> **What to do**
Transcribe exactly, and without pictures, only the lines from the one bearing "Baby Cheramy Funtime" through the final line of the data below.

> **Recorded data**
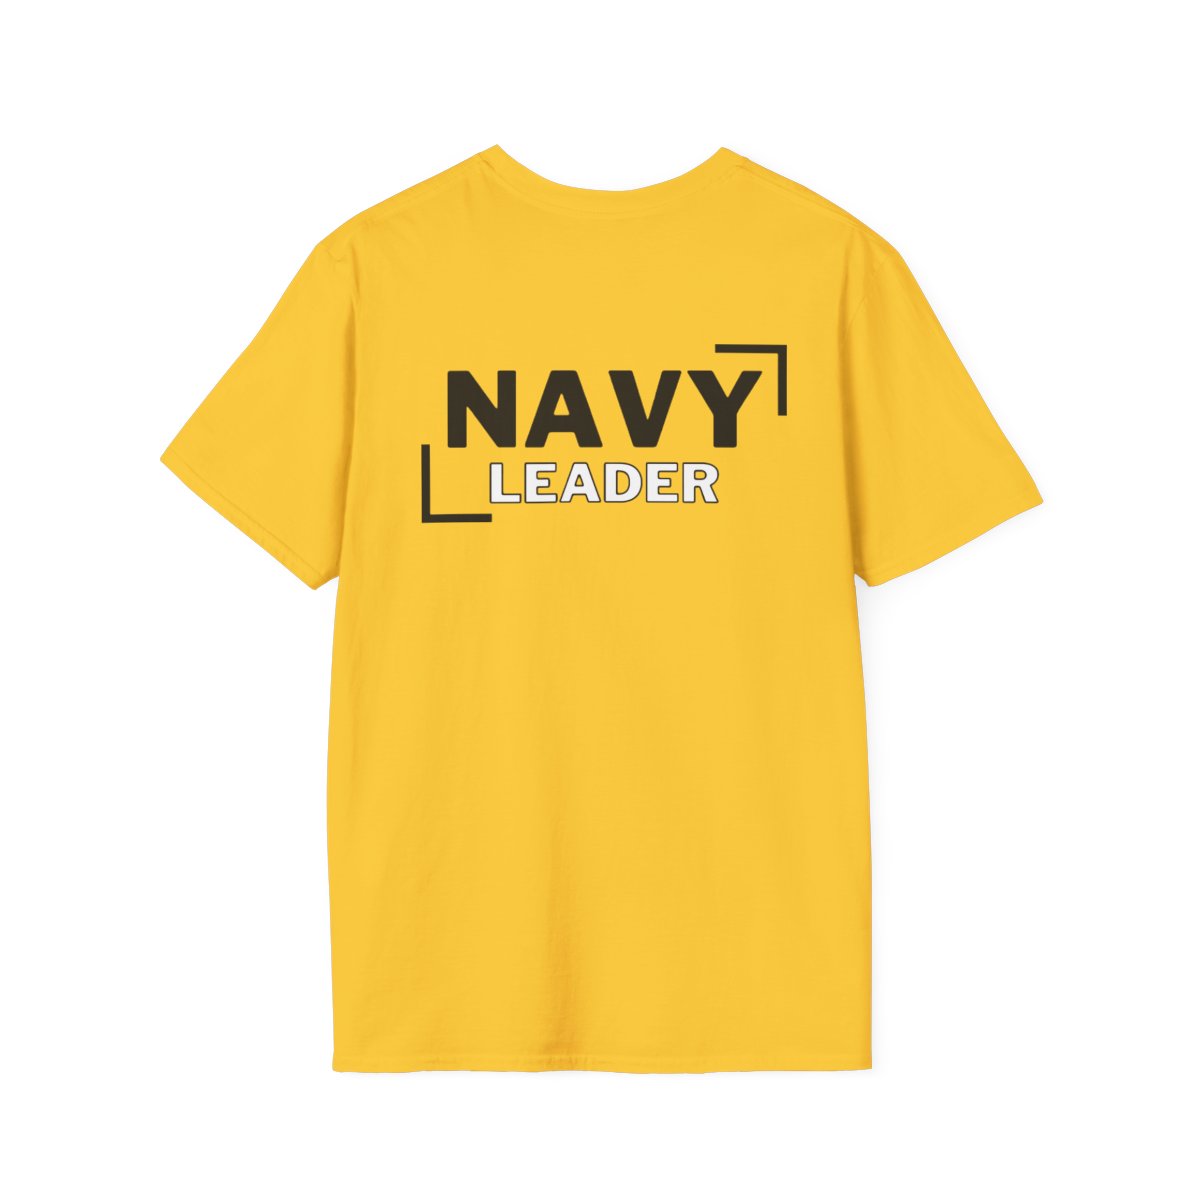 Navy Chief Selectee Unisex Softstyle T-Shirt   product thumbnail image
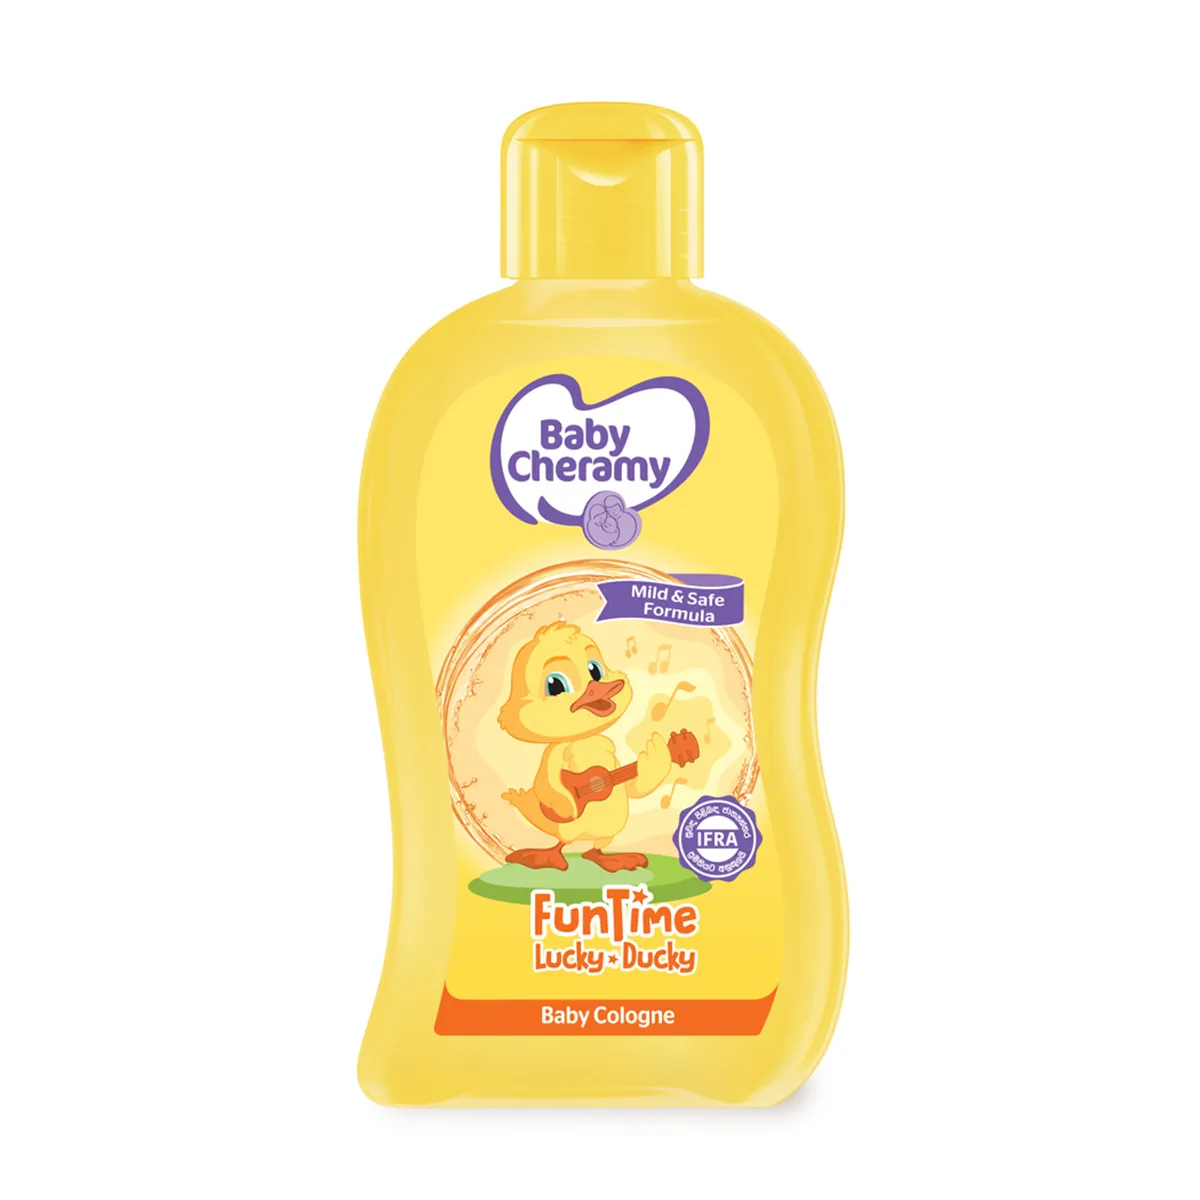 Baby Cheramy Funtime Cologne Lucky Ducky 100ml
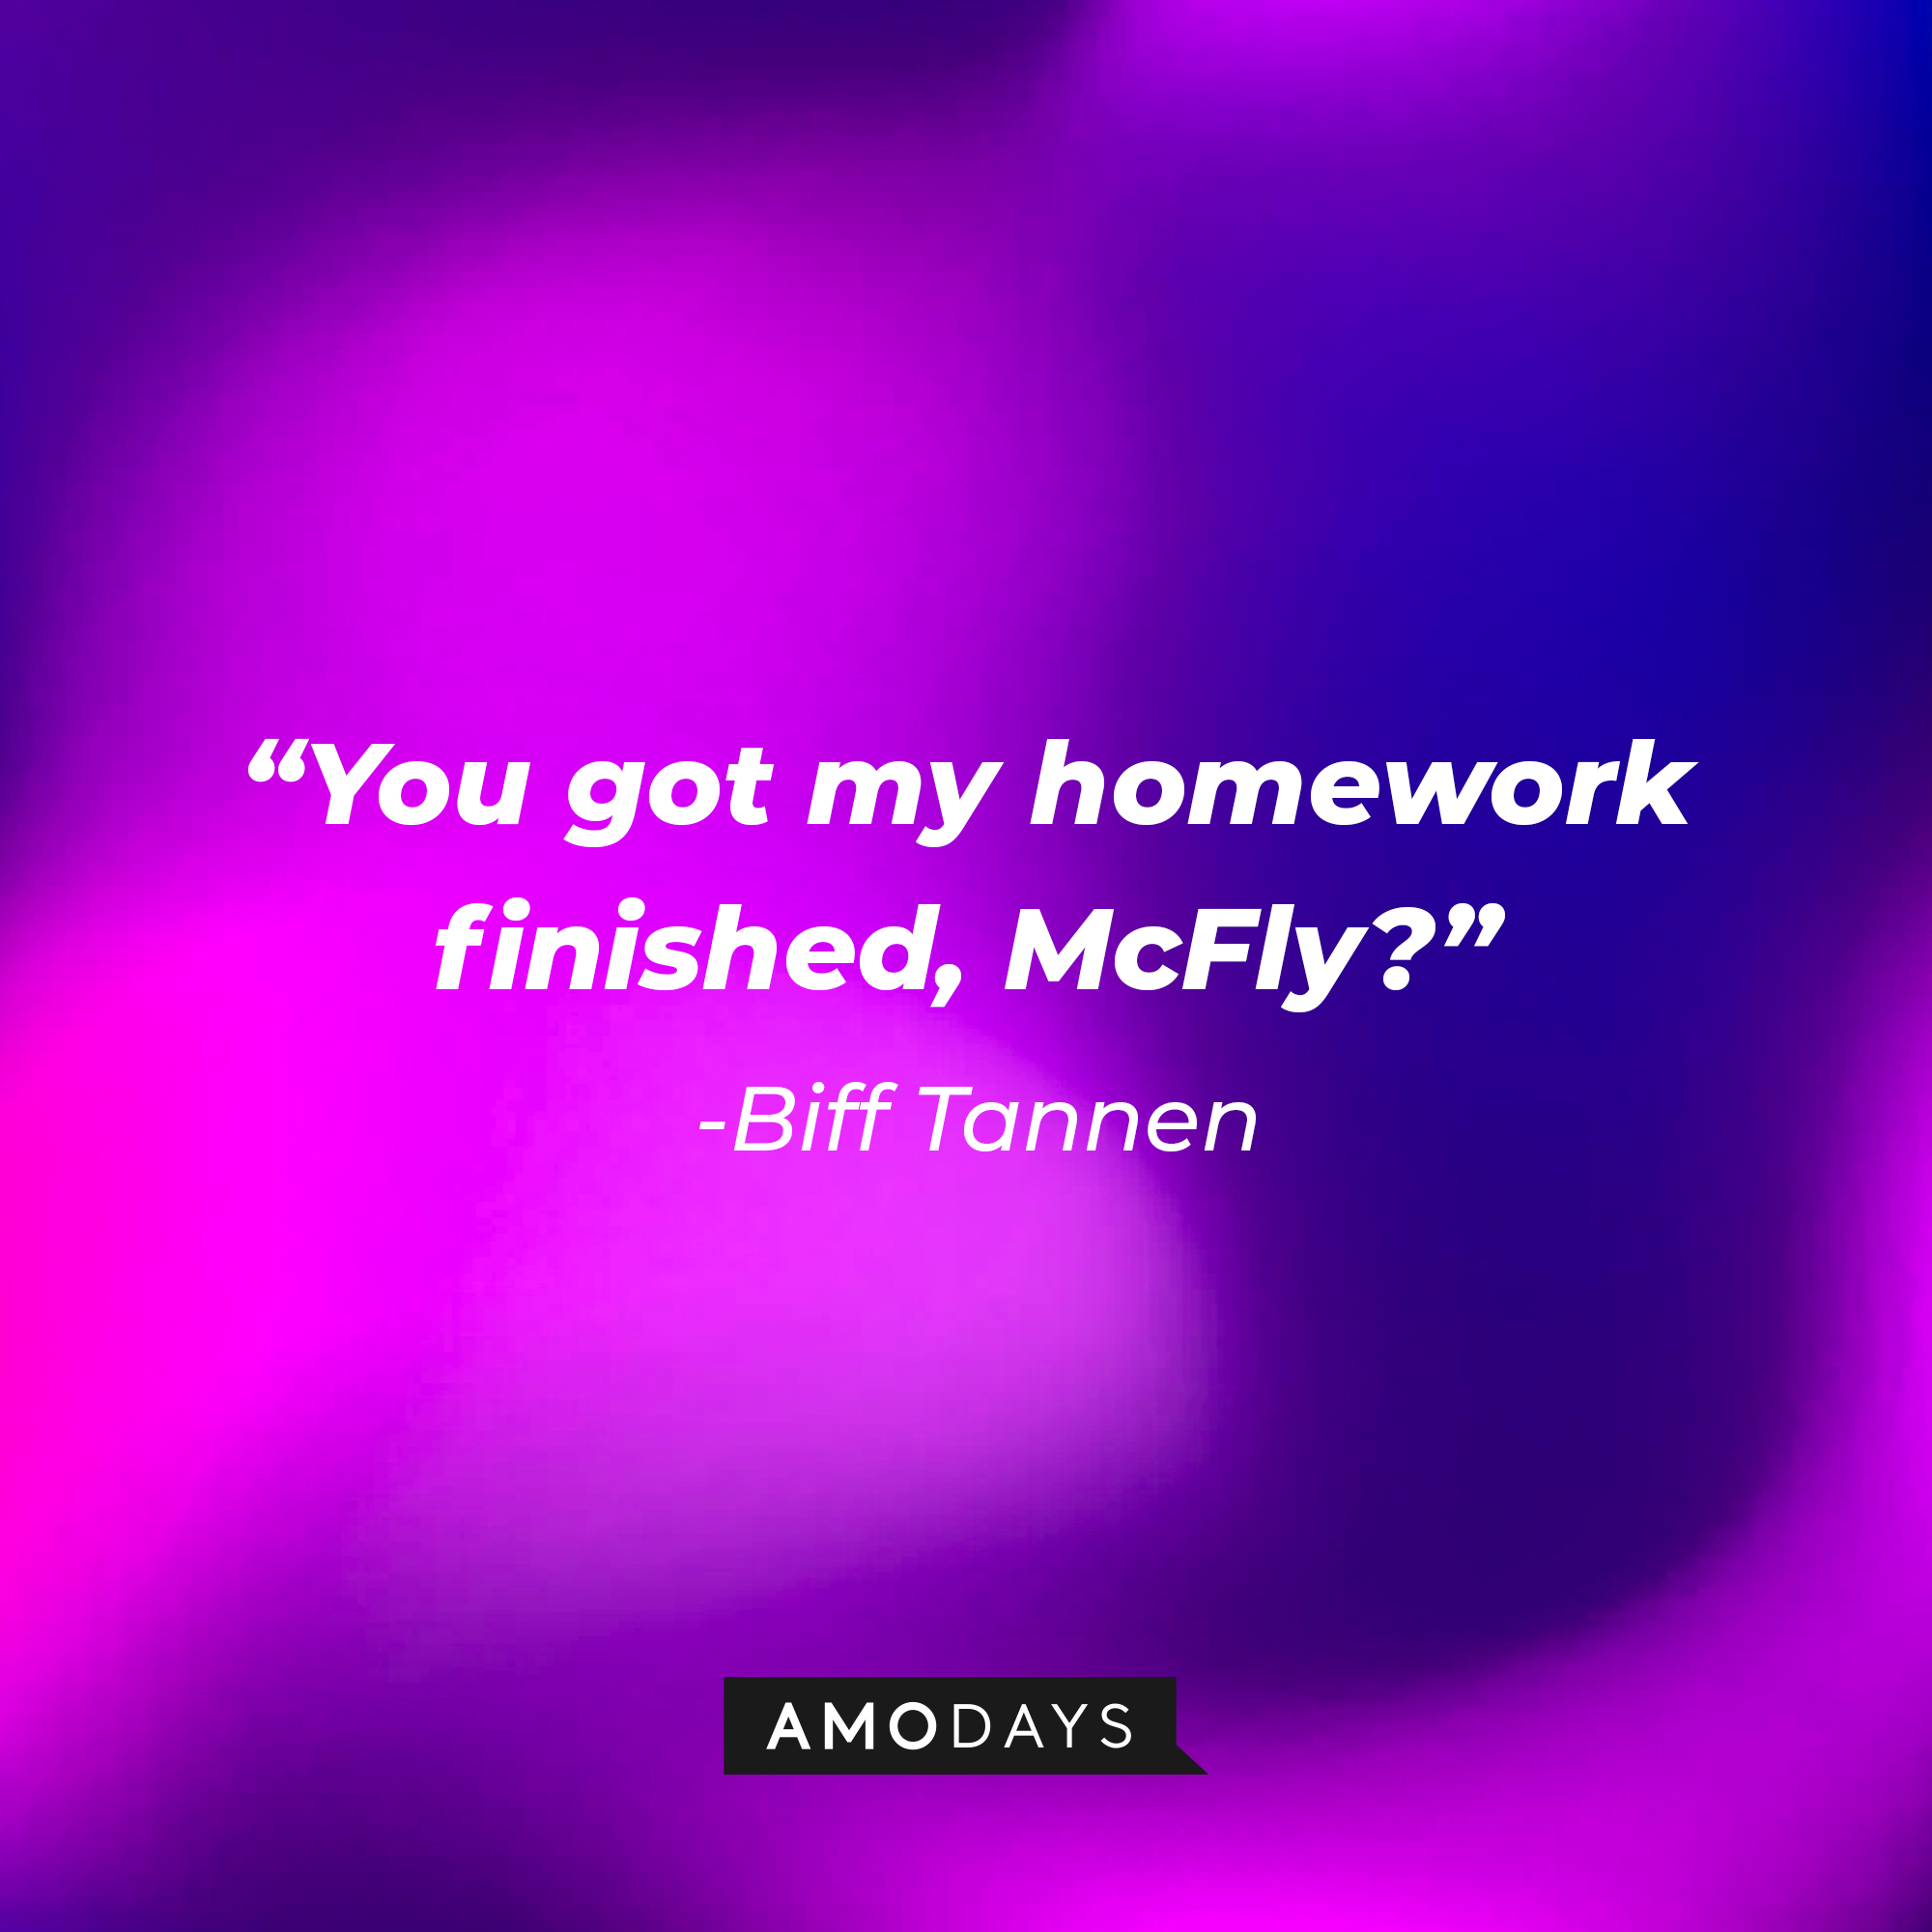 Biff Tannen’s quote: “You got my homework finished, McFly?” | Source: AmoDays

> **Problem solution**
 Baby Cheramy Funtime Cologne Lucky Ducky 100ml
 Biff Tannen’s quote: “You got my homework finished, McFly?” | Source: AmoDays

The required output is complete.